“ ‘He went away sorrowful, leaving me broken hearted. I could appear in public now and I returned to my profession. The beauty which had been so great an aid to me before, was impaired, and the old vivacity was gone. But I could play still and sing, and with my violin and my voice I easily earned enough for all my wants, until I got the scar. After that I sank into a wretched poverty, and was glad at last to secure employment as a stage dresser. My illness here has lost me that—.’

“I cannot tell you any more, Cousin Arthur. It pains me too much. But I am going to take my mother with me to America and provide for her in some way that she will permit. She has recovered from the surgery now, and I have simply taken possession of her. She refuses to go to Pocahontas, or in any other way to take her position as my father’s widow. But if this war comes, as you fear it will, she has decided to go into service as a field nurse, and you must arrange that for her.

“I understand now why my father forbade me to learn music, and why he taught me that a woman must have a master. I can even guess what Jefferson Peyton meant when I rejected his suit. My father, I suppose, planned to provide a master for me; but I decline to serve the one he selected. I am a woman and a proud one. I will never consent to be disposed of in marriage by the orders of other people as princesses and other chattel women are. But, oh, you cannot know how sorrowful my soul is, and how I long to be at home again! I hope the war will come. That is wicked in me, I suppose, but I cannot help it. I must have occupation or I shall go mad. I shall set to work at once, on my return, fitting up our laboratory, and there I’ll find work enough to fill all my hours, and it will be useful, humane, patriotic work, such as it is worth a woman’s while to do.”

XXXV
THE BIRTH OF WAR

IT was the seventeenth of April, 1861. It was the fateful day on which the greatest, the most terrible, the most disastrous of modern wars was born.

On that day the long struggle of devoted patriots to keep Virginia in the Union and to throw all her influence into the scale of peace, had ended in failure.

A few days before, Fort Sumter had been bombarded and had fallen. Still the Virginia convention had resisted all attempts to drag or force the Mother State into secession. Then had come Mr. Lincoln’s call upon Virginia for her quota of troops with which to make war upon the seceding sister states of the South and the alternative of secession or dishonor presented itself to this body of Union men. They decided at once, and on that seventeenth day of April they made a great war possible and indeed inevitable, by adopting an ordinance of secession and casting Virginia’s fate, Virginia’s strength, and Virginia’s matchless influence, into the scale of disunion and war.

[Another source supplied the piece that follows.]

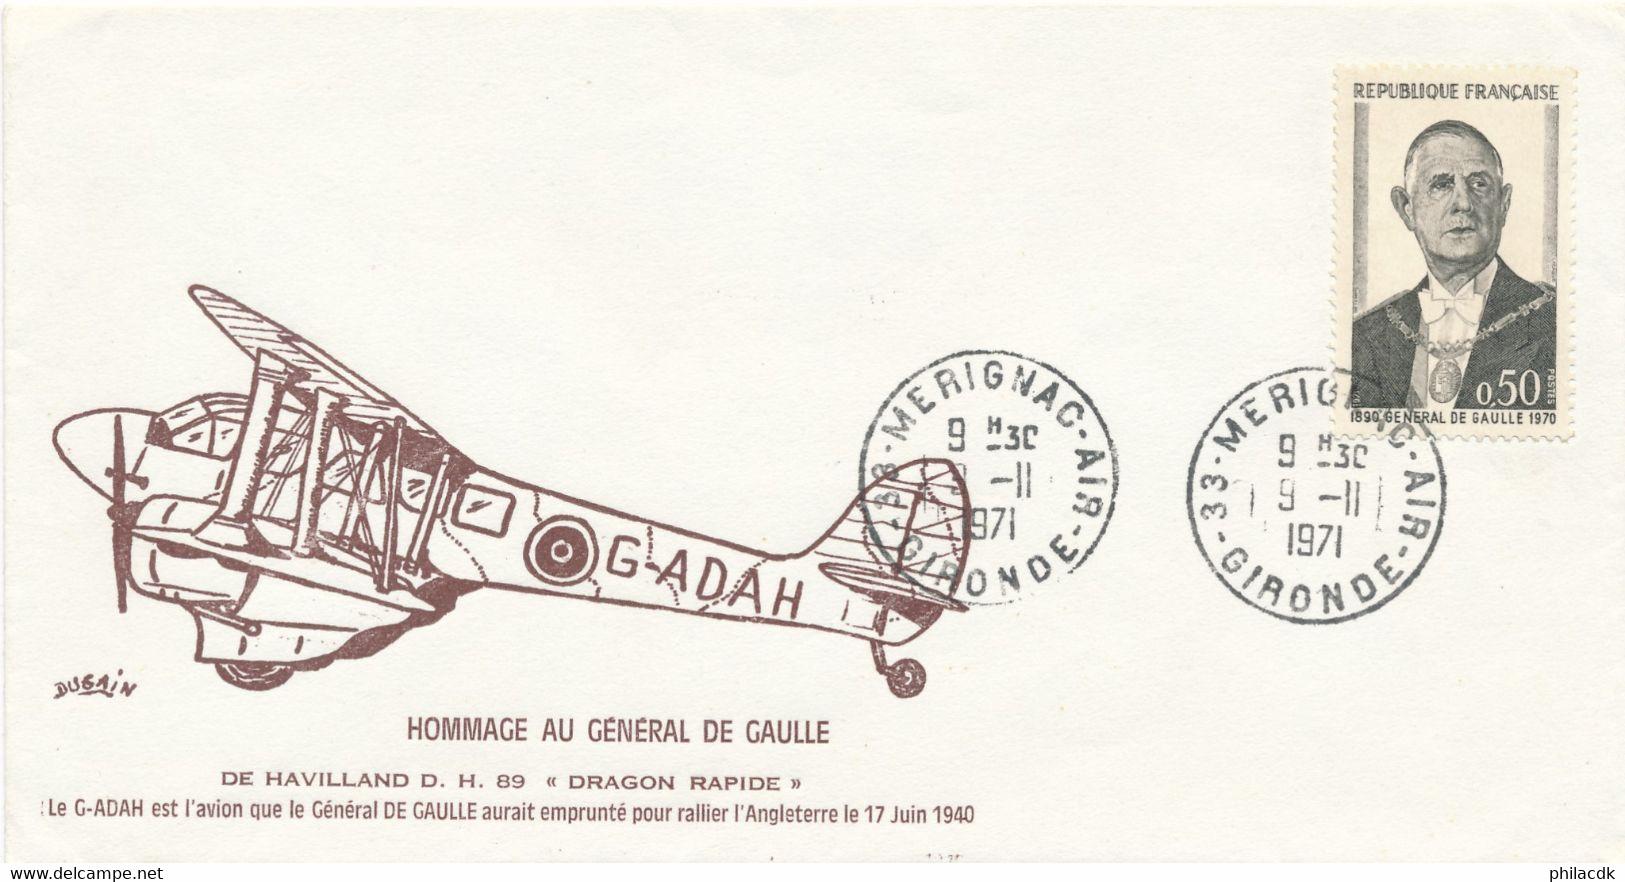 BEAU LOT FDC CARTES ENVELOPPES BLOCS TIMBRES DENTELES NON DENTELES GENERAL CHARLES DE GAULLE - De Gaulle (General)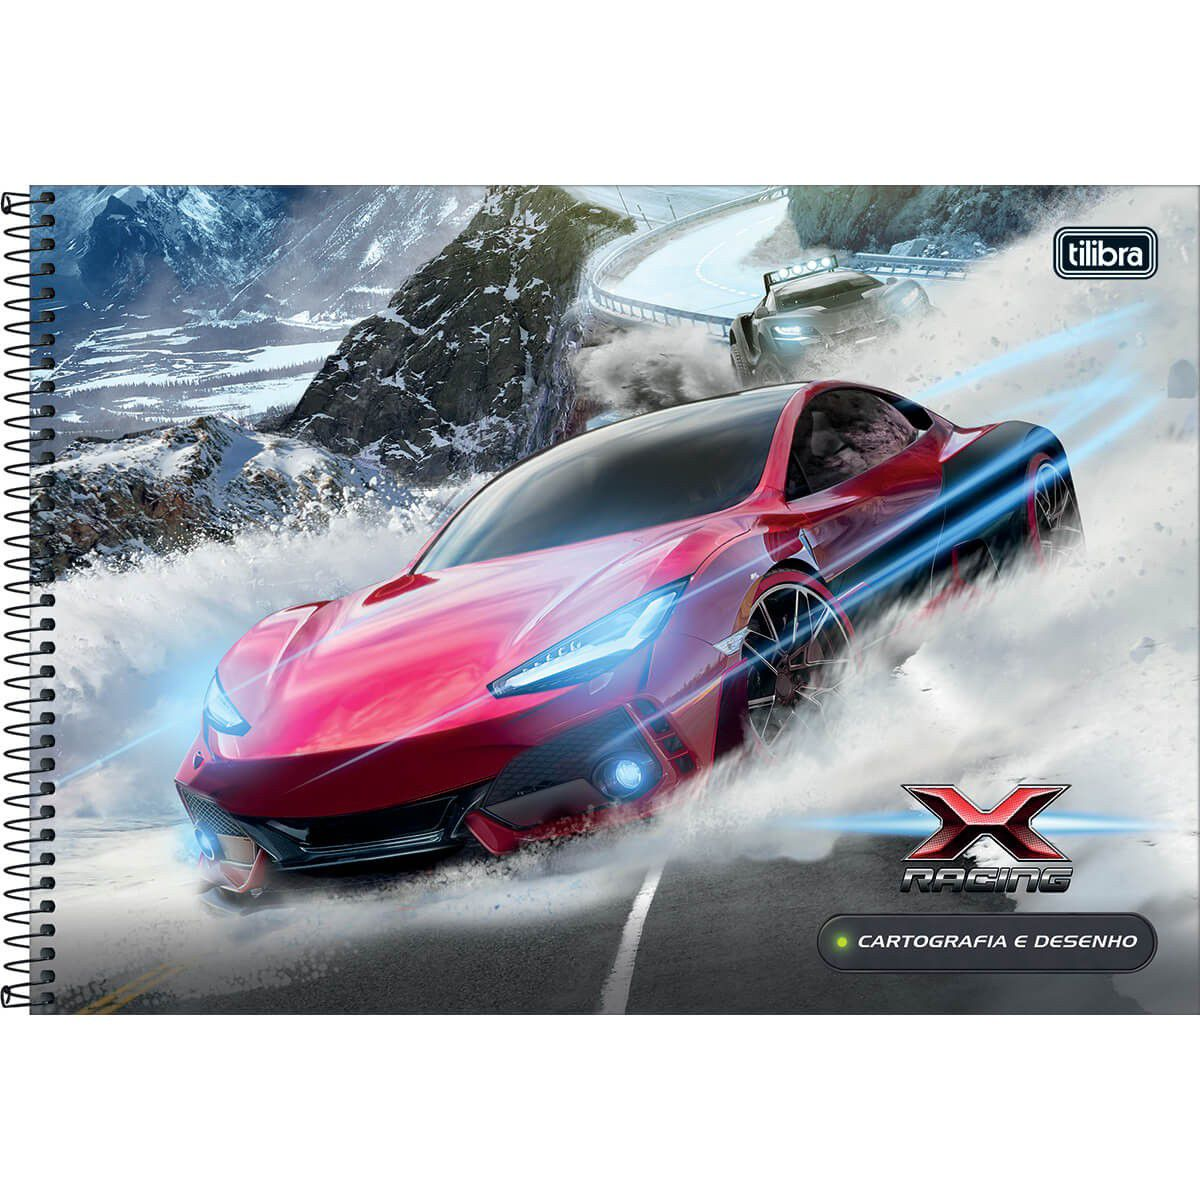 Caderno Tilibra Capa Dura Cartografia Espiral X-Racing 80 Fls 306126 27852

Richmond was in delirium—a delirium which moved men to ecstatic joy or profound grief, or deeply rooted apprehension, according to their several temperaments. The thoughtless went parading excitedly up and down the streets singing songs, and making a gala time of it, wearing cockades by day and carrying torches by night, precisely as if some long hoped for and supremely desired good fortune had come upon the land of their birth. The more thoughtful looked on and kept silent. But mostly the spirit manifested was one of grim determination to meet fate—be it good or bad—with stout hearts and calmly resolute minds.

In that purpose all men were as one now. The vituperation with which the people’s representatives in the convention had been daily assailed for their hesitation to secede, was absolutely hushed. The sentiment of affection for the Union which had been growing for seventy years and more, gave way instantly to a determination to win a new independence or sacrifice all in the attempt.

Jubal A. Early, who had from the beginning opposed secession with all his might, reckoning it not only insensate folly but a political crime as well, voted against it to the last, and then, instantly sent to Gov. Letcher a tender of his services in the war, in whatever capacity his state might see fit to employ him. In the same way William C. Wickham, an equally determined opponent of secession, quitted his seat in the convention only to make hurried preparation for his part as a military leader on the Southern side.